Novel Nucleotide Human Immunodeficiency Virus Reverse Transcriptase Inhibitor GS-9148 with a Low Nephrotoxic Potential: Characterization of Renal Transport and Accumulation{triangledown}

Tomas Cihlar,1* Genevieve LaFlamme,1 Robyn Fisher,2 Anne C. Carey,1 Jennifer E. Vela,1 Richard Mackman,1 and Adrian S. Ray1

Gilead Sciences, Inc., Foster City, California,1 Vitron, Inc., Tucson, Arizona2

Received 5 September 2008/ Returned for modification 17 October 2008/ Accepted 28 October 2008

Accumulation of antiviral nucleotides in renal proximal tubules is controlled by their basolateral uptake via the human renal organic anion transporters type 1 (hOAT1) and 3 (hOAT3) and apical efflux via the multidrug resistance protein 4 (MRP4). GS-9148 is a novel ribose-modified nucleotide human immunodeficiency virus (HIV) reverse transcriptase inhibitor, and its oral prodrug GS-9131 is currently being evaluated in the clinic as an anti-HIV agent. To assess the potential of GS-9148 for nephrotoxicity, its mechanism of renal transport, cytotoxicity, and renal accumulation were explored in vitro and in vivo. In comparison with the acyclic nucleotides cidofovir, adefovir, and tenofovir, GS-9148 showed 60- to 100-fold lower efficiency of transport (Vmax/Km) by hOAT1 and was 20- to 300-fold less cytotoxic in cells overexpressing hOAT1, indicating its lower hOAT1-mediated intracellular accumulation and reduced intrinsic cytotoxicity. GS-9148 was also relatively inefficiently transported by hOAT3. Similar to acyclic nucleotides, GS-9148 was a substrate for MRP4 as evidenced by its reduced intracellular retention in cells overexpressing the efflux pump. Consistent with these molecular observations, GS-9148 was inefficiently taken up by fresh human renal cortex tissue in vitro and showed a limited accumulation in kidneys in vivo following oral administration of [14C]GS-9131 to dogs. Compared to acyclic nucleotide analogs, GS-9148 was also found to have lower net active tubular secretion in dogs. Collectively, these results suggest that GS-9148 exhibits a low potential for renal accumulation and nephrotoxicity.
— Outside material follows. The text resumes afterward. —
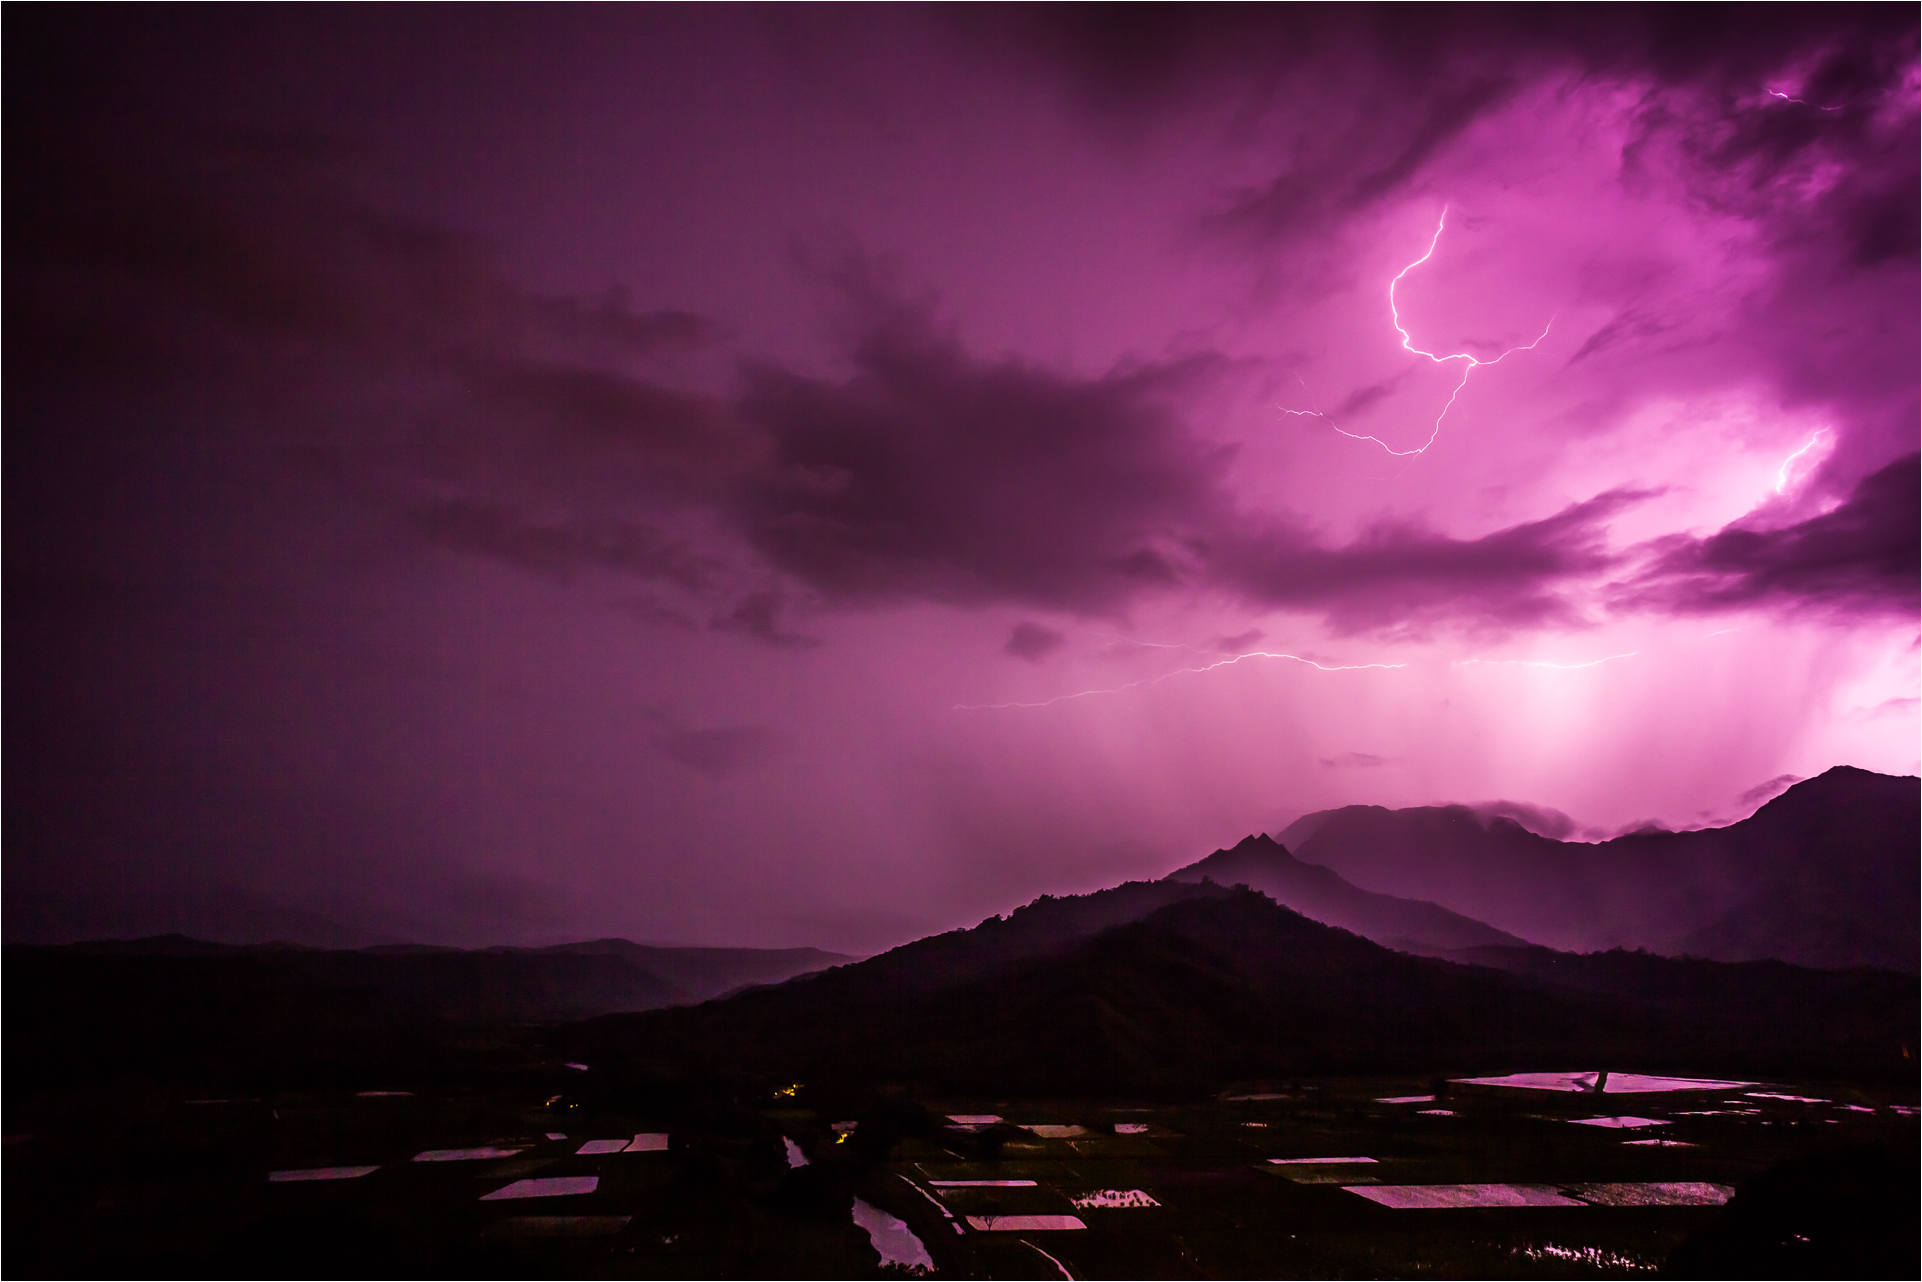 Sparks from Pele's anvil - © Christopher Martin-0002

* Corresponding author. Mailing address: Department of Biology, Gilead Sciences, 362 Lakeside Dr., Foster City, CA 94404. Phone: (650) 522-5637. Fax: (650) 522-5890. E-mail: tomas.cihlar{at}gilead.com

{triangledown} Published ahead of print on 10 November 2008.

Antimicrobial Agents and Chemotherapy, January 2009, p. 150-156, Vol. 53, No. 1
0066-4804/09/$08.00+0     doi:10.1128/AAC.01183-08
Copyright © 2009, American Society for Microbiology. All Rights Reserved.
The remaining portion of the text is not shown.